In March 2020, “Halo,” the long-awaited live-action adaptation of the popular video game, once a movie, now a series, was about to start shooting. Then COVID hit. “We were just gonna stop for two weeks and come back immediately,” Pablo Schrieber who plays Master Chief told Entertainment Weekly about dealing with COVID-19. The virus hit so swiftly, he was forced to leave his dog in Hungary where the film was shooting. “Luckily she had an amazing dog-sitter, but she was there for seven months. She [got] about 10 pounds heavier.”
Cut to nearly two years later and “Halo,” which almost became a movie that Peter Jackson produced and Neill Blomkamp directed, is ready to hit Paramount+.
Schreiber called the making of the show “a herculean task,” and not just because he was working out non-stop. “It’s a huge job, from setting the tone on set down to the grueling task of waking up at the crack of dawn to work out, then go to shoot and go home to work out some more. Nothing about it is easy, and I wouldn’t want it to be.”
If you don’t know the original video game the premise is pretty straightforward. In the 26th century, an alien threat called the Covenant threatens humanity.

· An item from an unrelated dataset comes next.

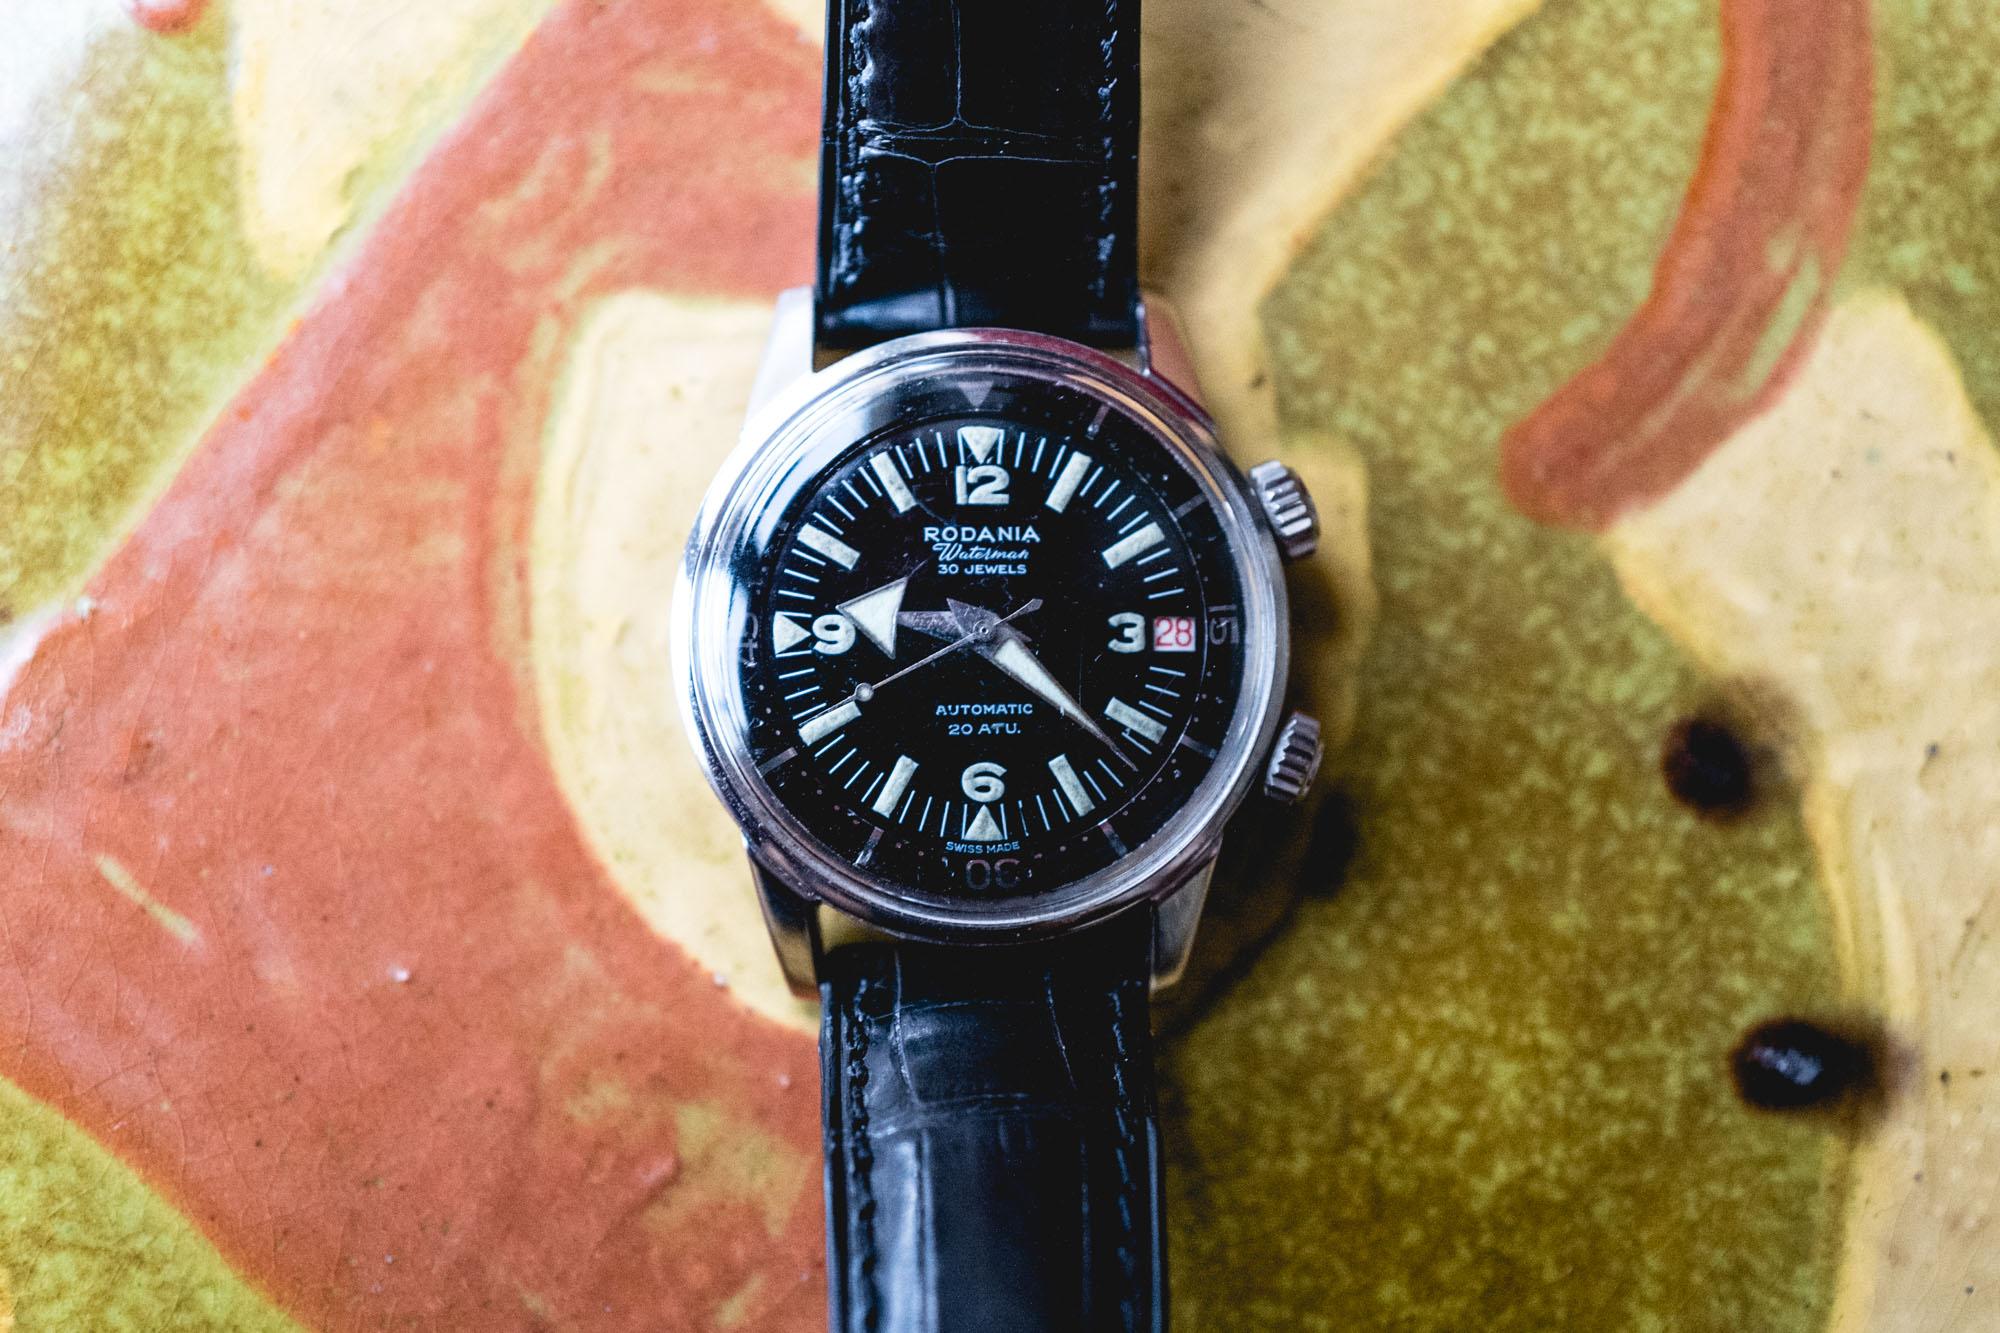 Tajan - Vente de montres du 11 décembre -Rodania Supercompressor

Master Chief, one of the few remaining Spartan super soldiers in the United Nations Space Command ranks, battles the invasion with the help of an AI construct, Cortana.
The show stars Pablo Schrieber as Master Chief, with Natascha McElhone as Dr. Catherine Halsey, a UNSC scientist. Voice actress Jen Taylor reprises her role from the game series as Cortana. “Halo” also stars Yerin Ha, Charlotte Murphy, Shabana Azmi, Bokeem Woodbine, Olive Gray, Danny Sapani, and Kate Kennedy.
The new original series premieres March 24, 2022, streaming exclusively on Paramount+.